EXERCISE DATA.

BEGIN

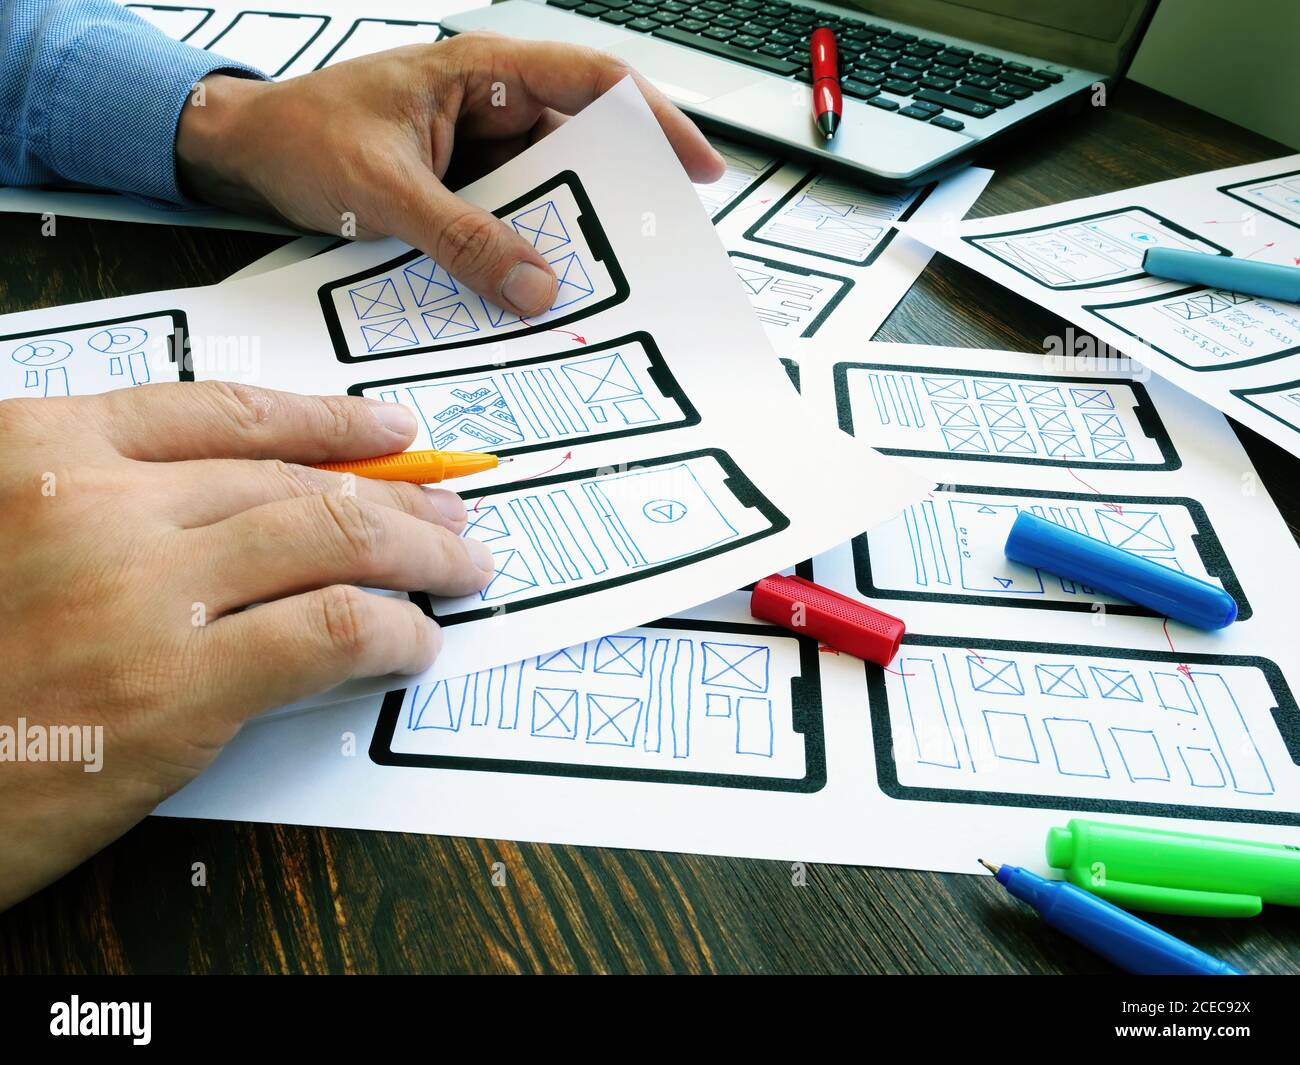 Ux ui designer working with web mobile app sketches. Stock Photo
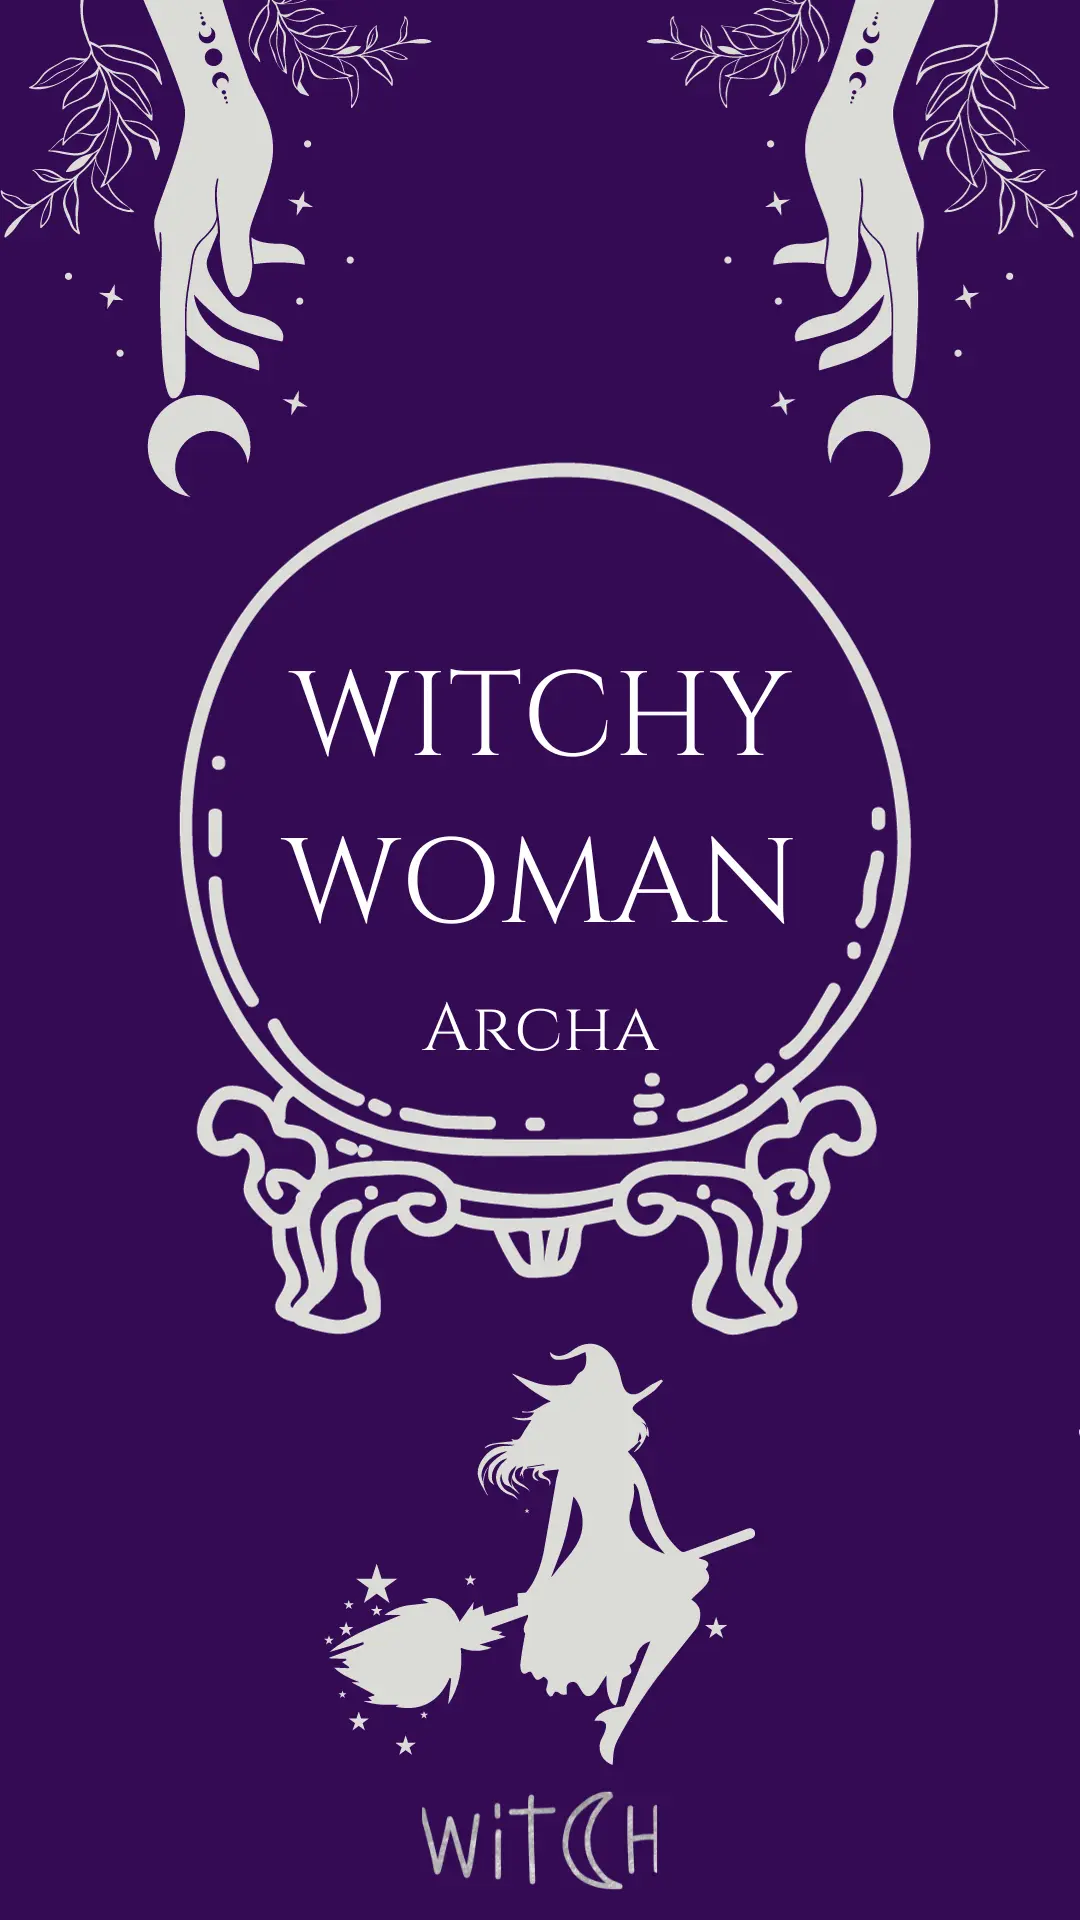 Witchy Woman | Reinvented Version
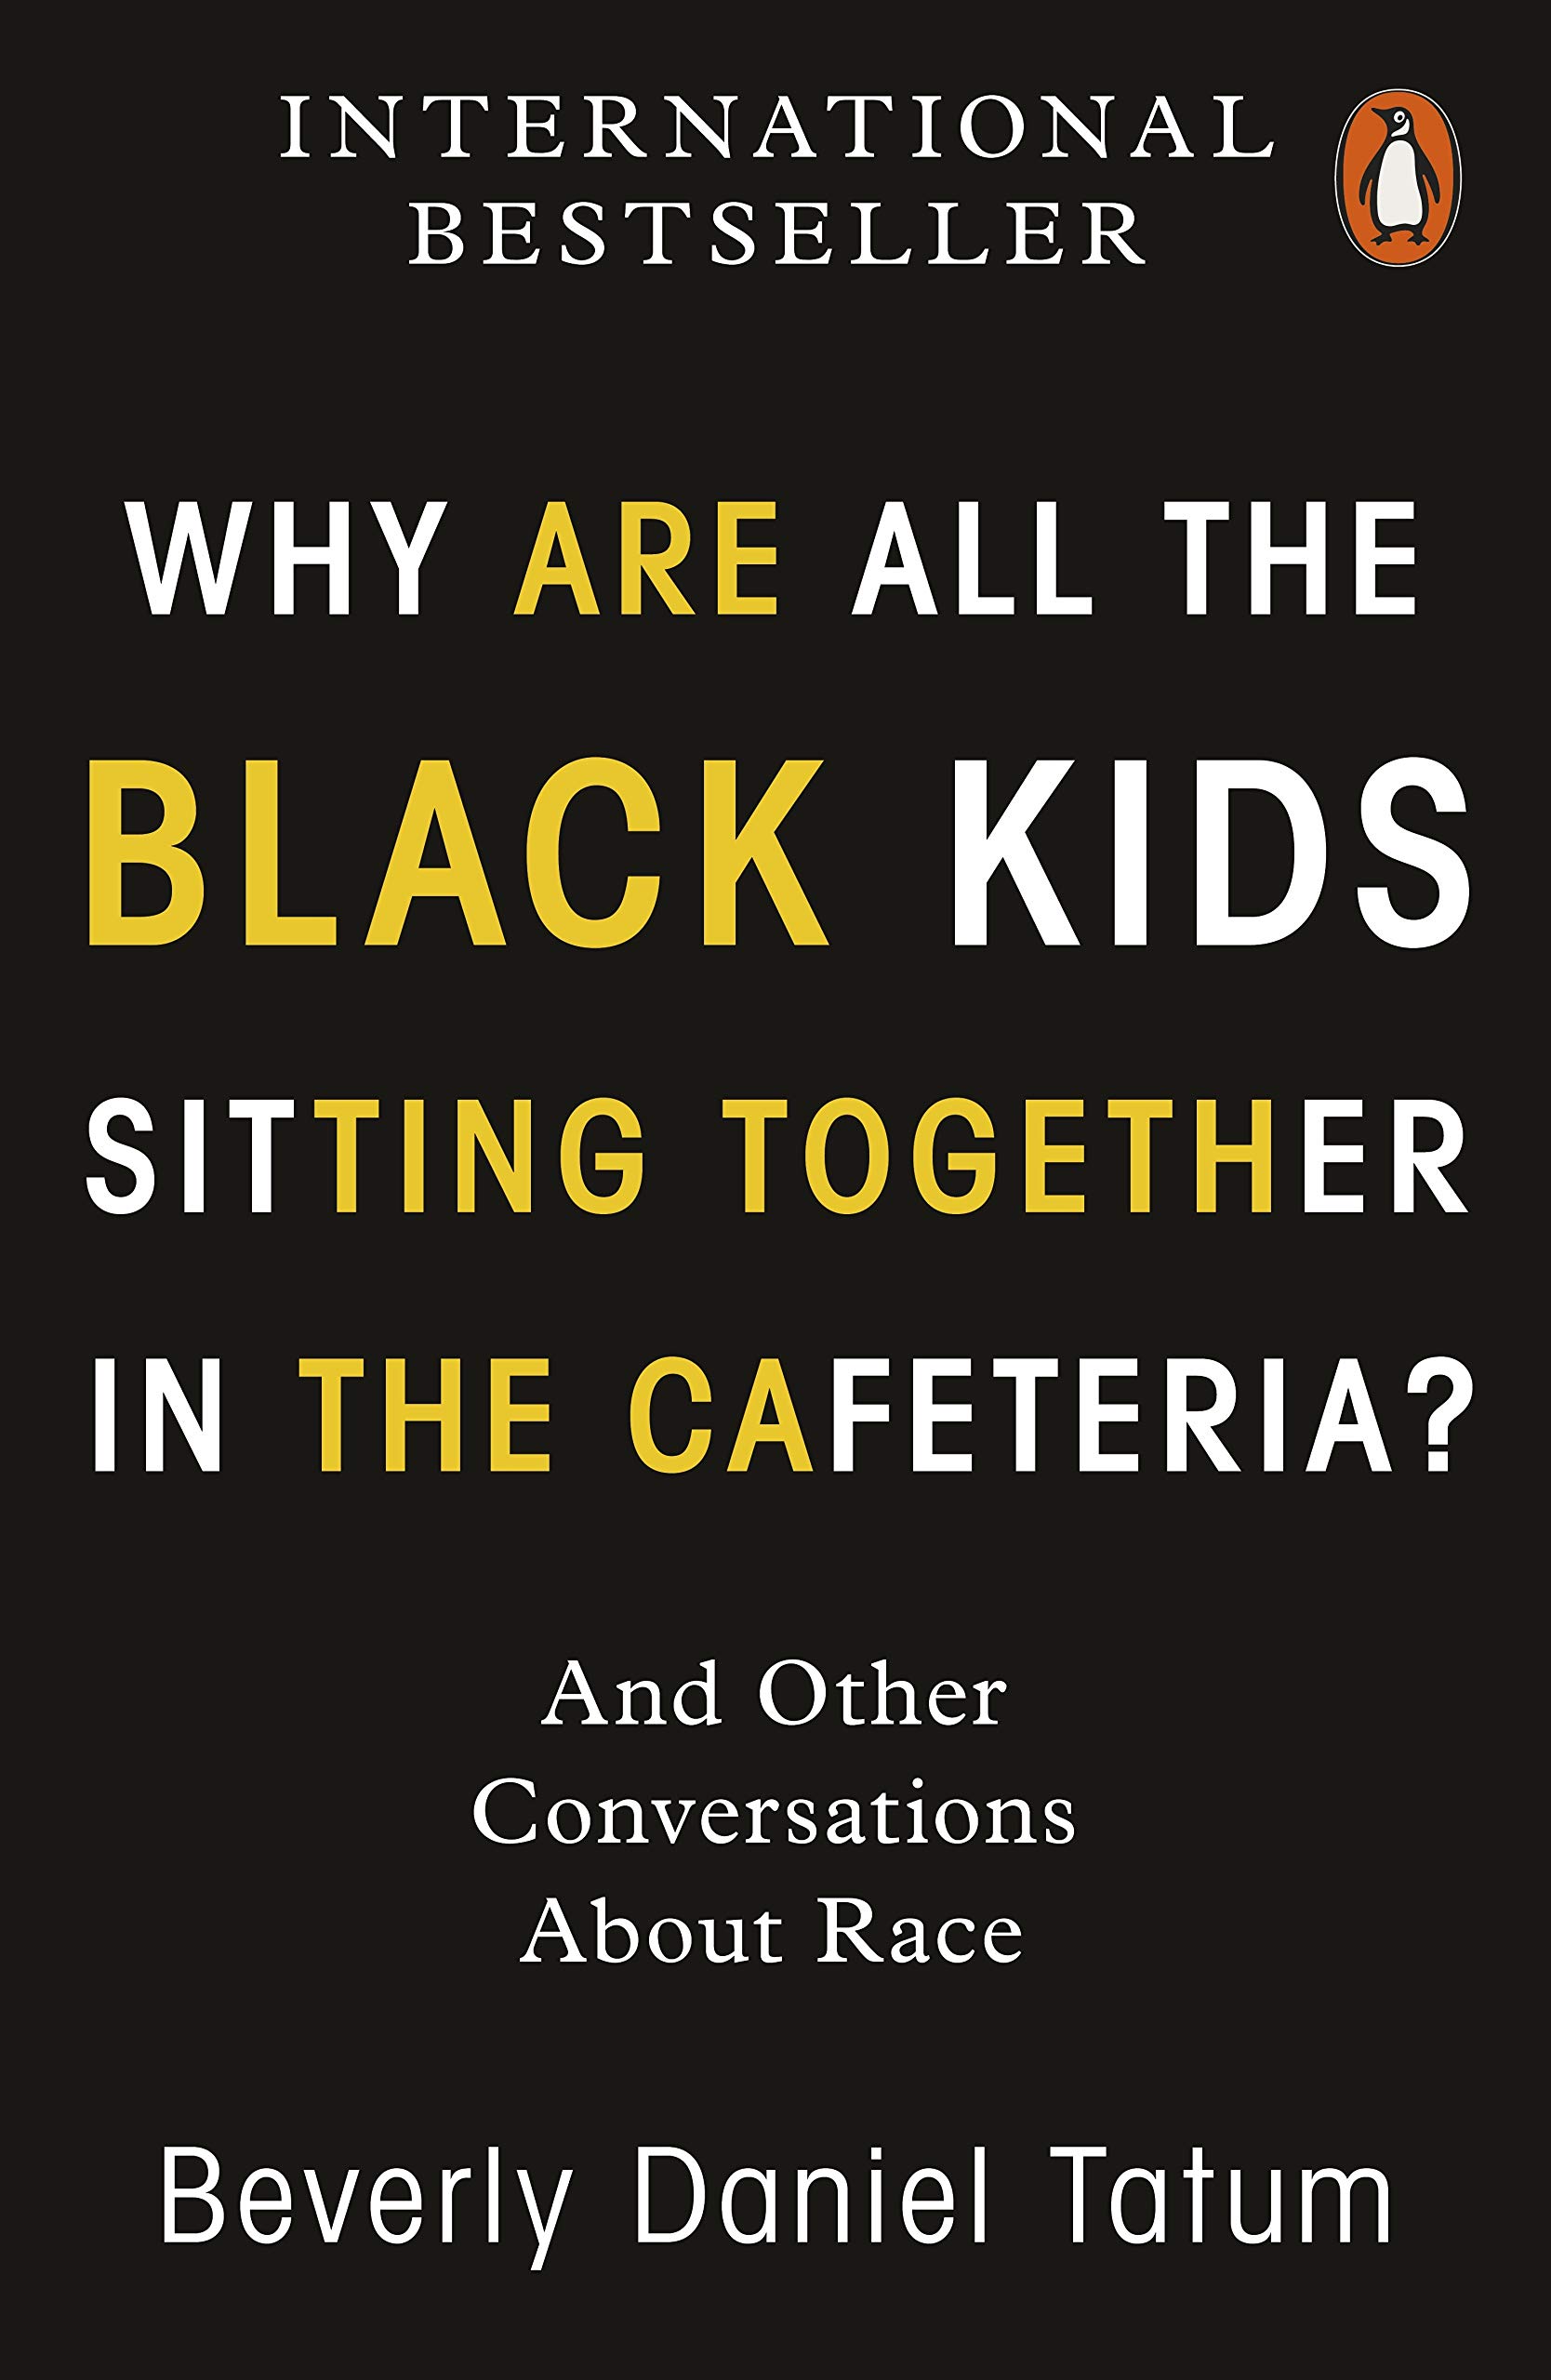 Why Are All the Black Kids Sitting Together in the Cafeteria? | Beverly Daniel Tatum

END

TASK STATEMENT.
Return the listing verbatim, pictures excluded.

THE COMPLETED TASK.
 Ux ui designer working with web mobile app sketches. Stock Photo
 Witchy Woman | Reinvented Version
 Why Are All the Black Kids Sitting Together in the Cafeteria? | Beverly Daniel Tatum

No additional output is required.